We systematically reviewed the evidence for the validity and reliability of the RAI-MDS 2.0 QIs. A comprehensive literature search identified relevant original research published, in English, prior to December 2008. Fourteen articles and one report examining the validity and/or reliability of the RAI-MDS 2.0 QIs were included.

RESULTS

The studies fell into two broad categories, those that examined individual quality indicators and those that examined multiple indicators. All studies were conducted in the United States and included from one to a total of 209 facilities. The number of residents included in the studies ranged from 109 to 5758. One study conducted under research conditions examined 38 chronic care QIs, of which strong evidence for the validity of 12 of the QIs was found. In response to these findings, the 12 QIs were recommended for public reporting purposes. However, a number of observational studies (n = 13), conducted in "real world" conditions, have tested the validity and/or reliability of individual QIs, with mixed results. Ten QIs have been studied in this manner, including falls, depression, depression without treatment, urinary incontinence, urinary tract infections, weight loss, bedfast, restraint, pressure ulcer, and pain. These studies have revealed the potential for systematic bias in reporting, with under-reporting of some indicators and over-reporting of others.

CONCLUSION

Evidence for the reliability and validity of the RAI-MDS QIs remains inconclusive. The QIs provide a useful tool for quality monitoring and to inform quality improvement programs and initiatives. However, caution should be exercised when interpreting the QI results and other sources of evidence of the quality of care processes should be considered in conjunction with QI results.

摘要

背景

居民评估工具-最低数据集合(RAI-MDS)2.0 旨在收集最少的数据,以指导长期护理环境中居民的护理计划和监测。这些数据已用于计算护理质量指标。使用质量指标为质量改进计划提供信息取决于指标的有效性和可靠性。
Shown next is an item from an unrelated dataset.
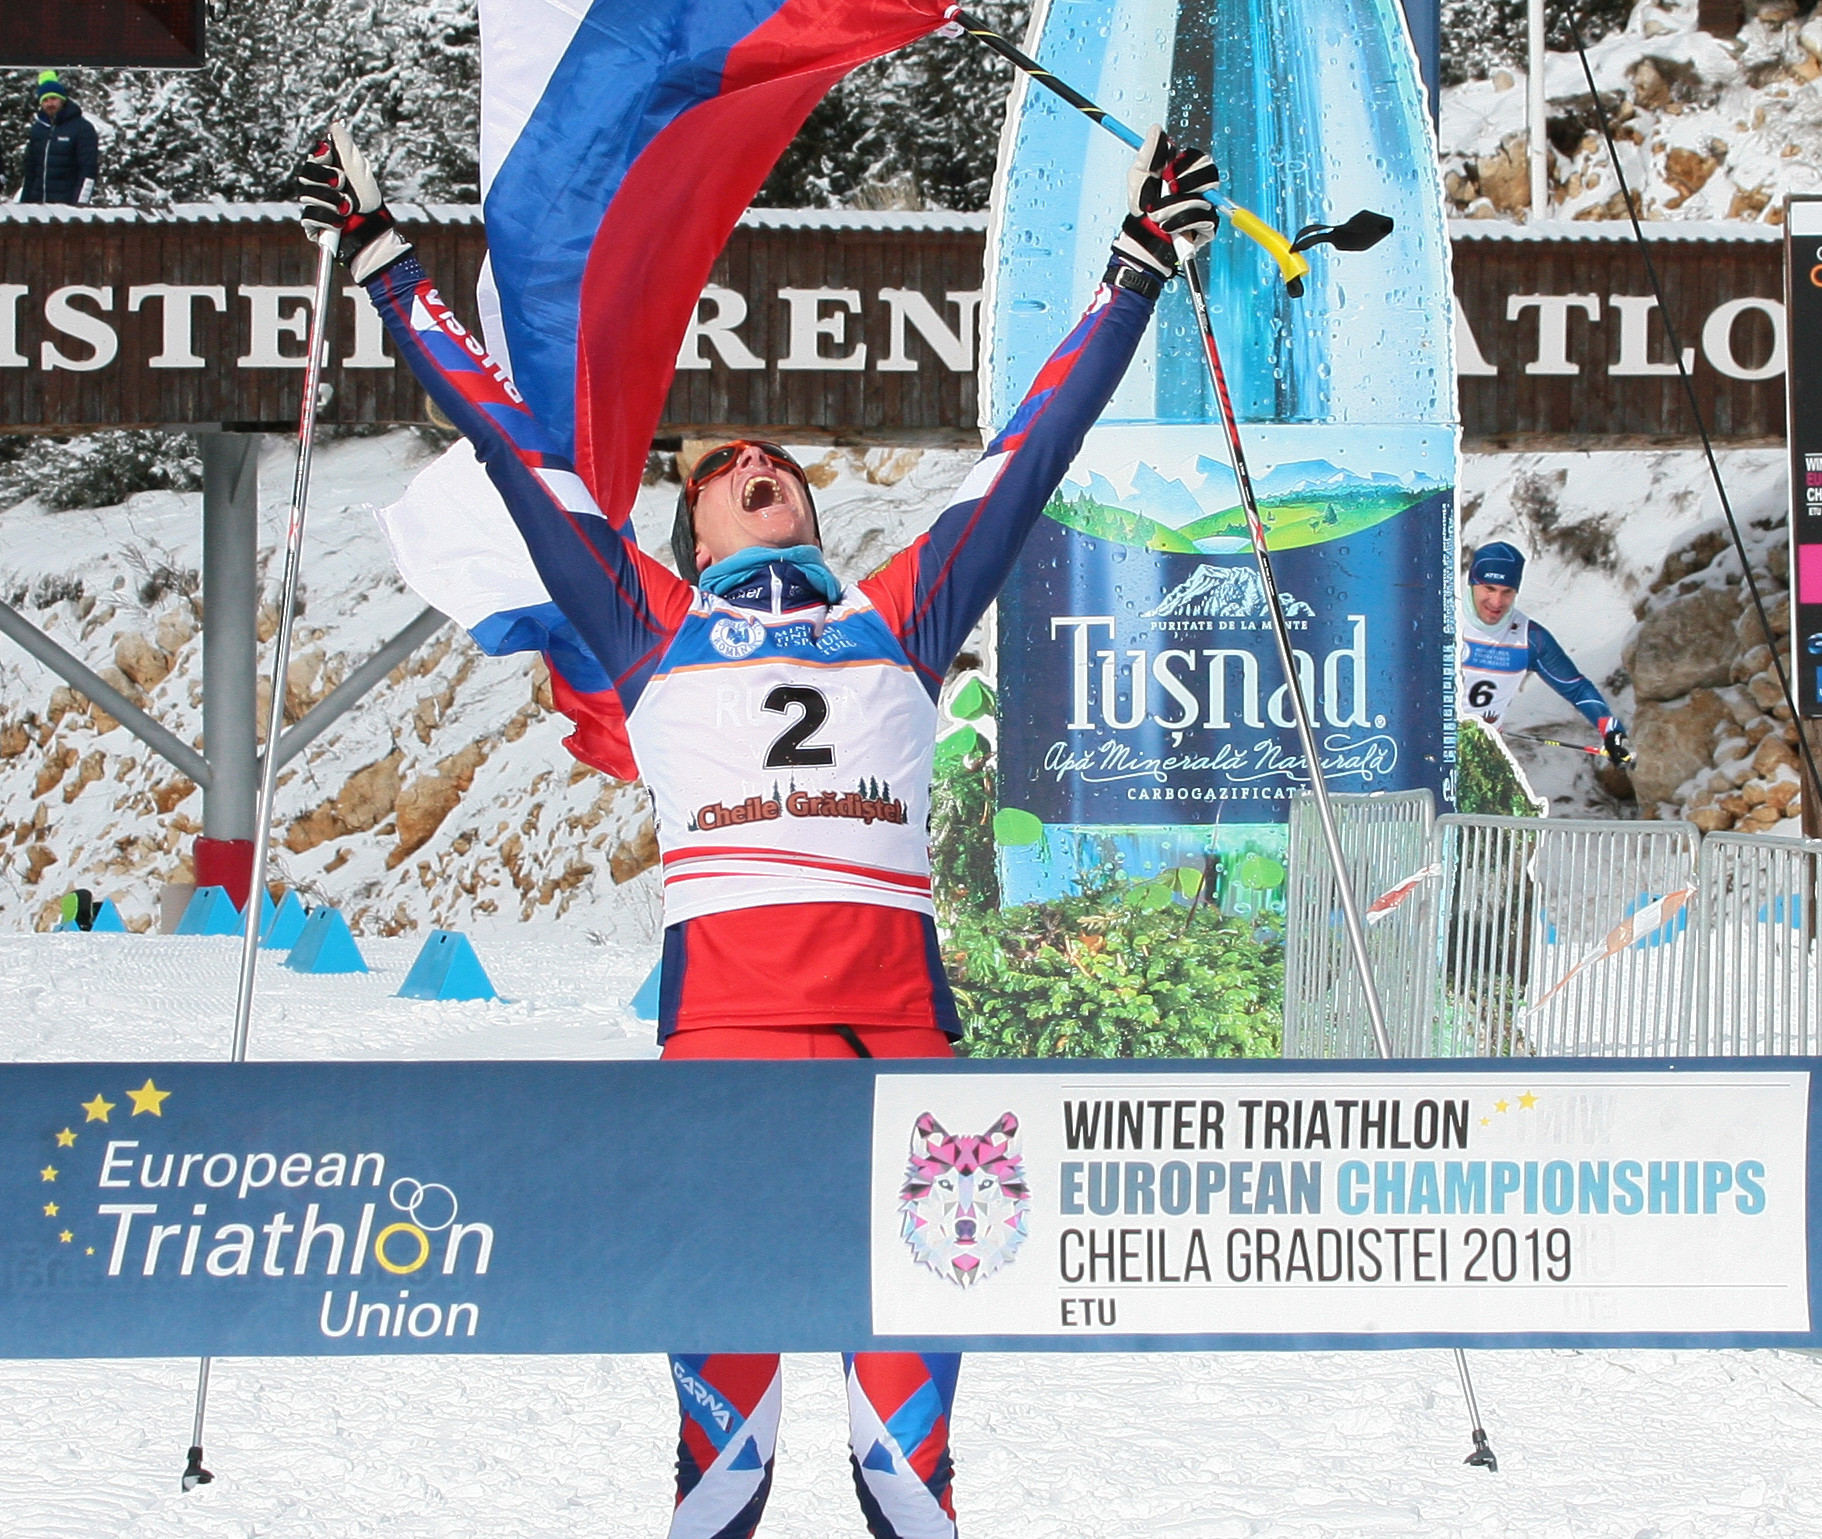 The Winter Triathlon European Championships in Cheile Gradistei in Romania will launch the ETU season in 2020 ©ETU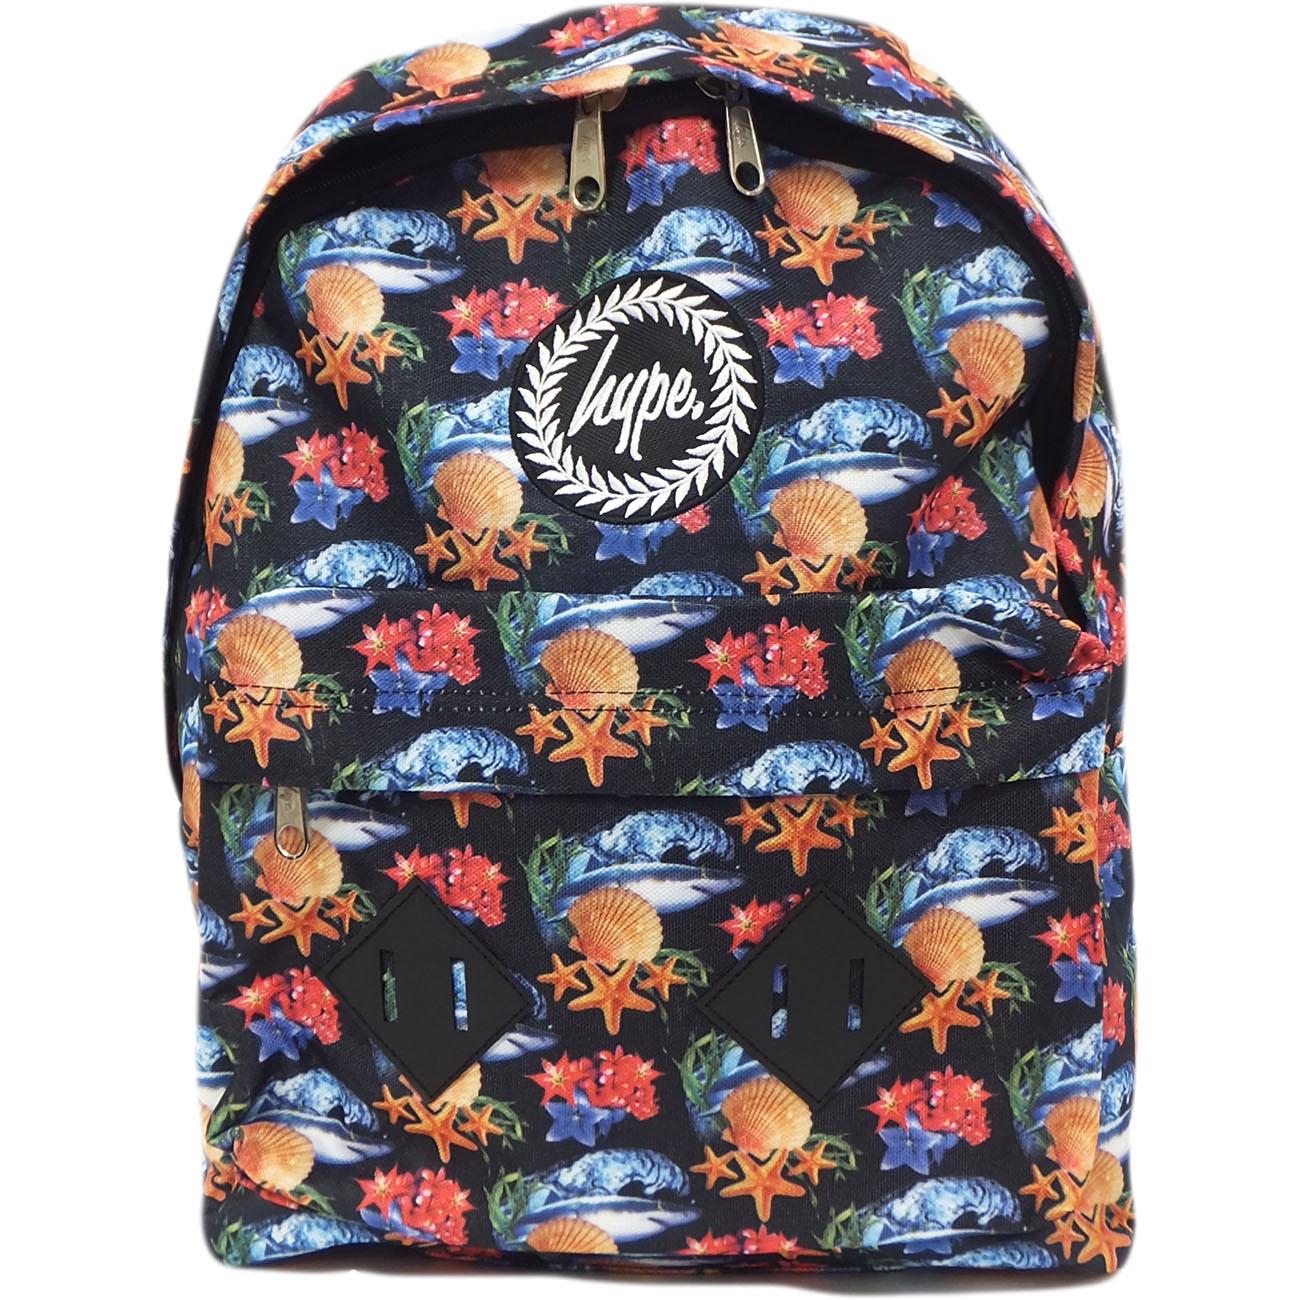 Hype Backpack Bag 'Shells'

本研究的目的是系统地审查已发表和灰色研究报告,以评估 RAI-MDS 2.0 质量指标(QIs)的有效性和可靠性的科学状况。

方法

我们系统地审查了 RAI-MDS 2.0 QIs 的有效性和可靠性的证据。全面的文献检索确定了之前在 2008 年 12 月之前发表的相关原始研究,共包括 14 篇文章和一份报告,其中有 14 篇文章和一份报告检查了 RAI-MDS 2.0 QIs 的有效性和/或可靠性。

结果

这些研究分为两类,一类是检查单个质量指标的研究,另一类是检查多个指标的研究。所有研究均在美国进行,涉及一至 209 个设施。研究中包括的居民人数从 109 人到 5758 人不等。一项在研究条件下进行的研究检查了 38 项慢性护理 QIs,其中发现了 12 项 QIs 的有效性的有力证据。根据这些发现,建议将 12 项 QIs 用于公共报告目的。然而,许多观察性研究(n=13)在“真实世界”条件下测试了单个 QIs 的有效性和/或可靠性,结果喜忧参半。已经以这种方式研究了 10 个 QIs,包括跌倒、抑郁、未经治疗的抑郁、尿失禁、尿路感染、体重减轻、卧床不起、约束、压疮和疼痛。这些研究揭示了报告中存在系统偏差的可能性,一些指标报告不足,而另一些指标报告过多。

结论

RAI-MDS QIs 的可靠性和有效性的证据仍然不确定。QIs 为质量监测提供了有用的工具,并为质量改进计划和计划提供了信息。但是,在解释 QI 结果时应谨慎行事,并且应结合 QI 结果考虑护理过程质量的其他来源的证据。